• [WORK ORDER]:
Once you find the line with "The popular 'Britzer" in the listing below, set down exactly every line from it through the line with "Lovol traktor vs", but no pictures.

• [EXERCISE DATA]:
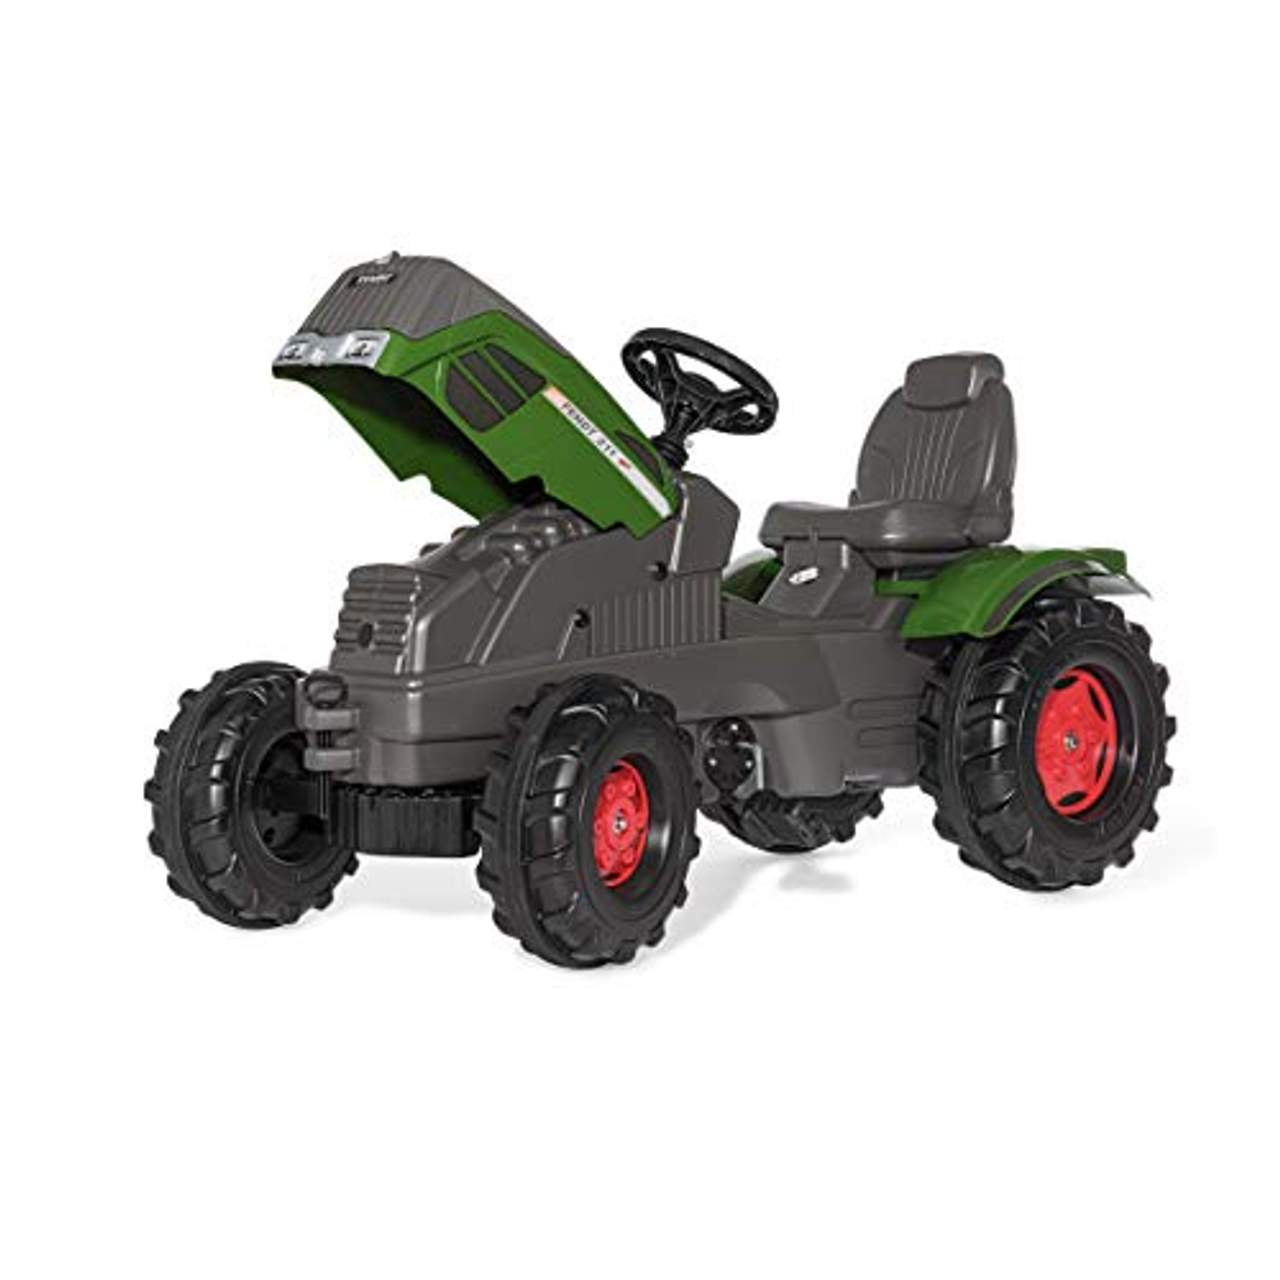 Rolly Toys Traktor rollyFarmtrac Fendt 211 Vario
==
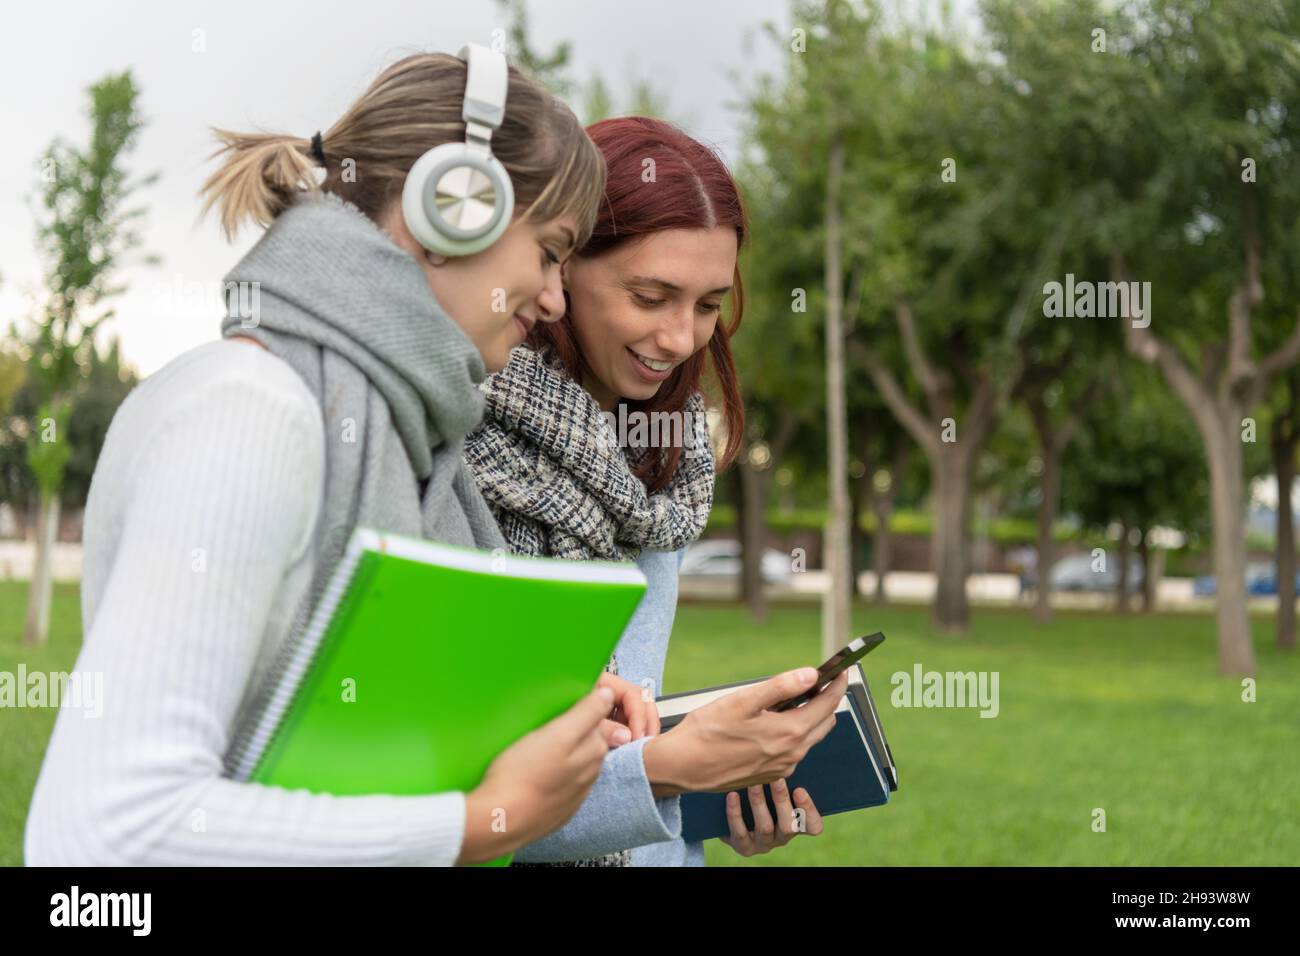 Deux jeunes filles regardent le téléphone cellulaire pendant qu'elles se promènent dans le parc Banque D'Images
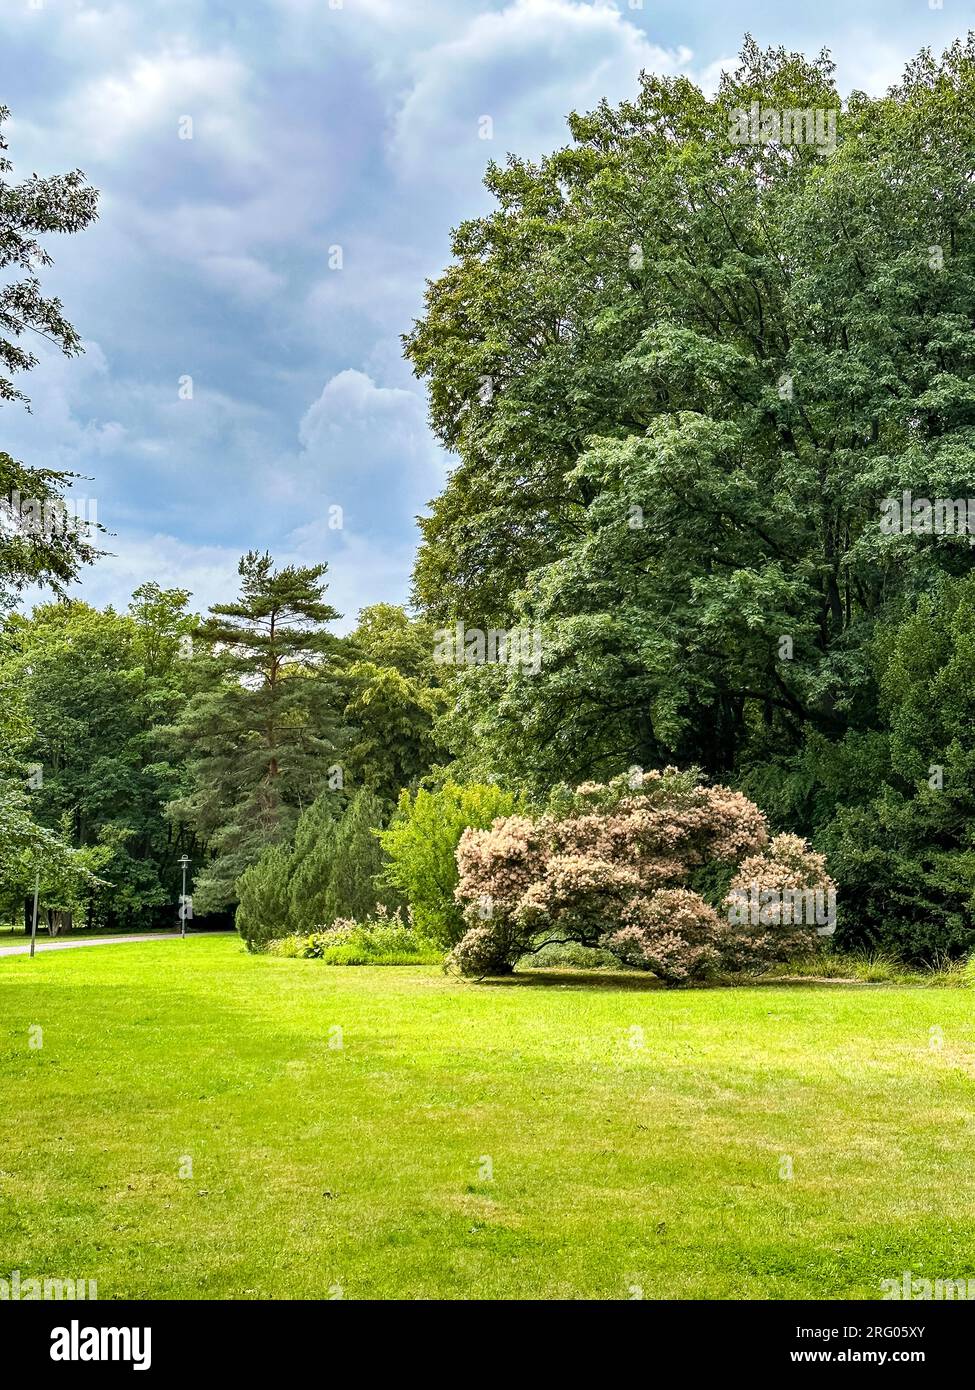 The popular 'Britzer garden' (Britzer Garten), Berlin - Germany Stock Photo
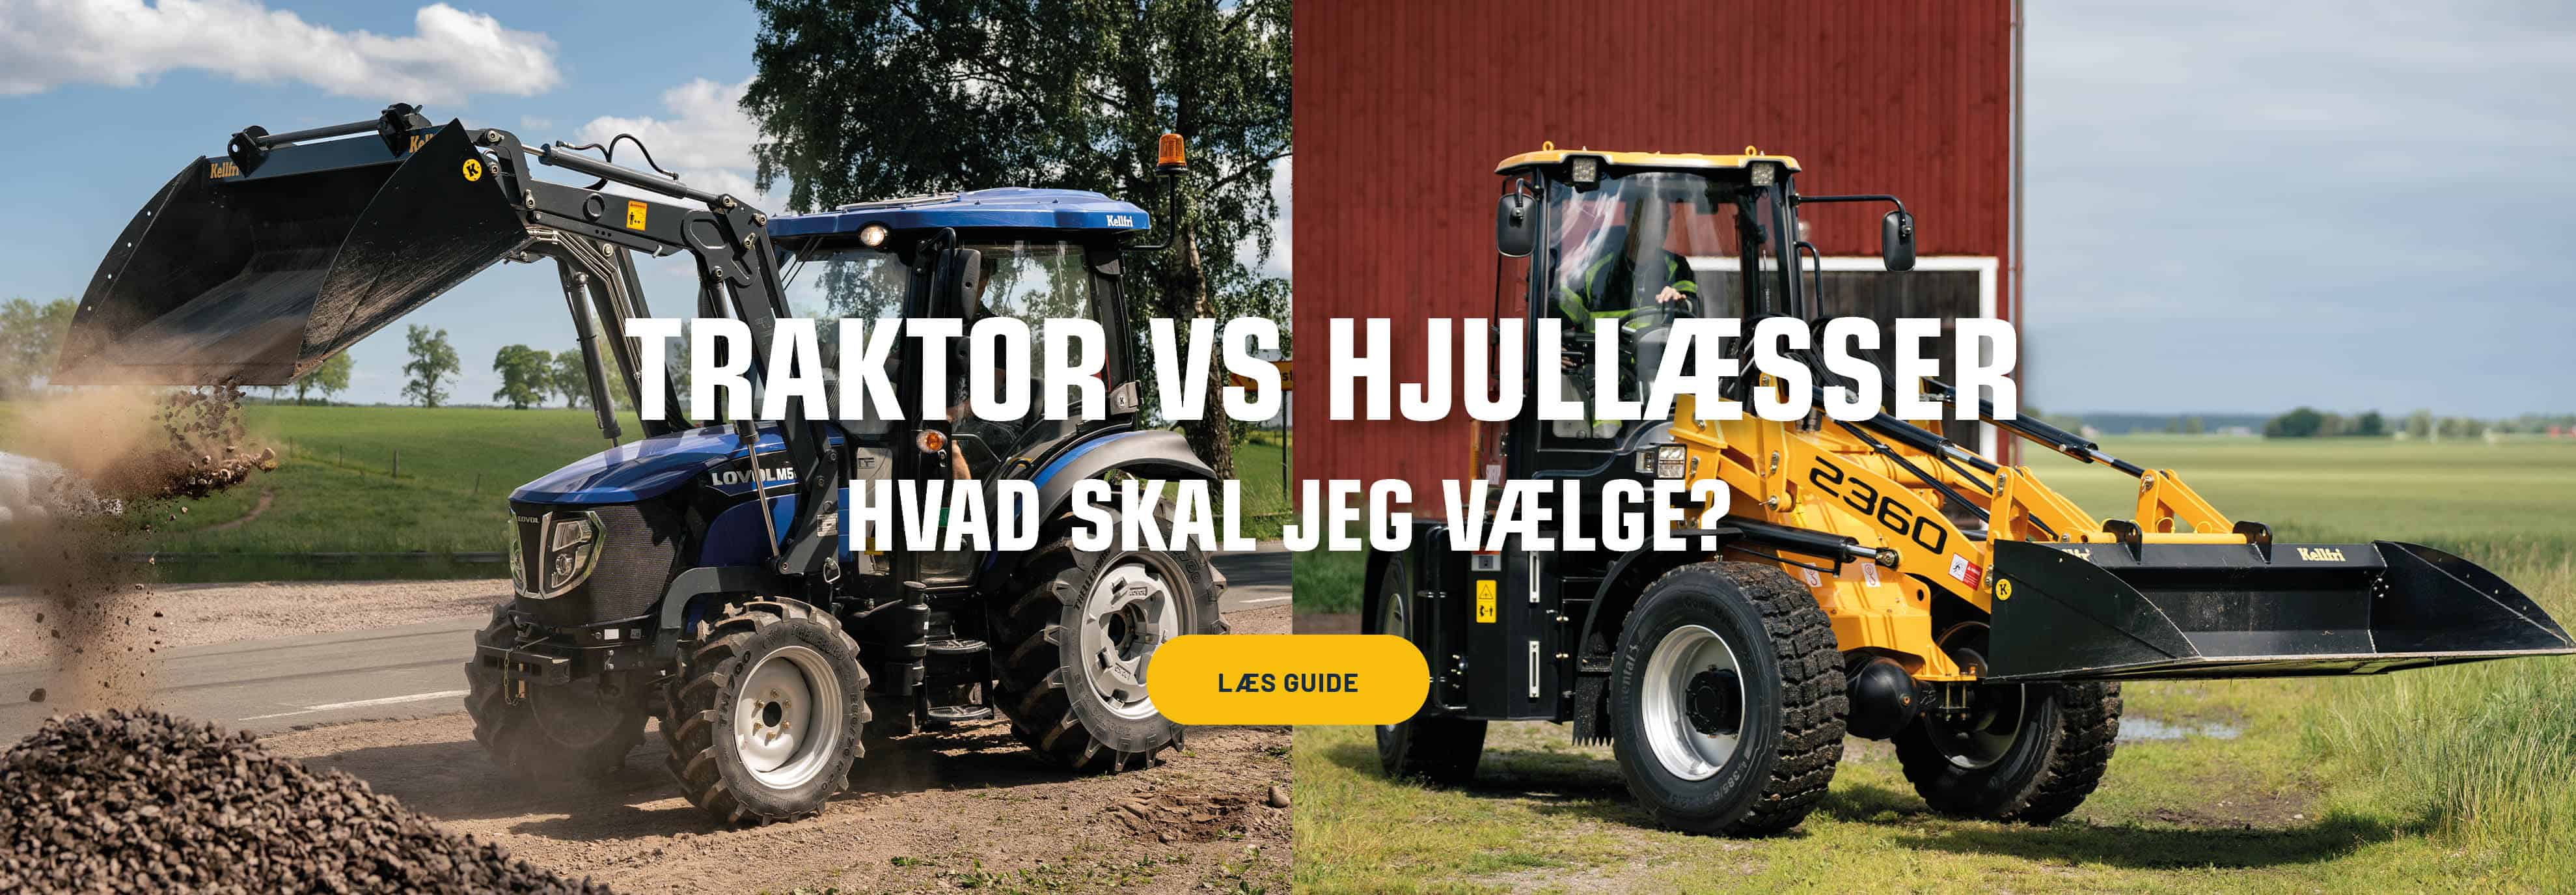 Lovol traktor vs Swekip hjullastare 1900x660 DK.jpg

• [RESPONSE BOX]:
 The popular 'Britzer garden' (Britzer Garten), Berlin - Germany Stock Photo
 Lovol traktor vs Swekip hjullastare 1900x660 DK.jpg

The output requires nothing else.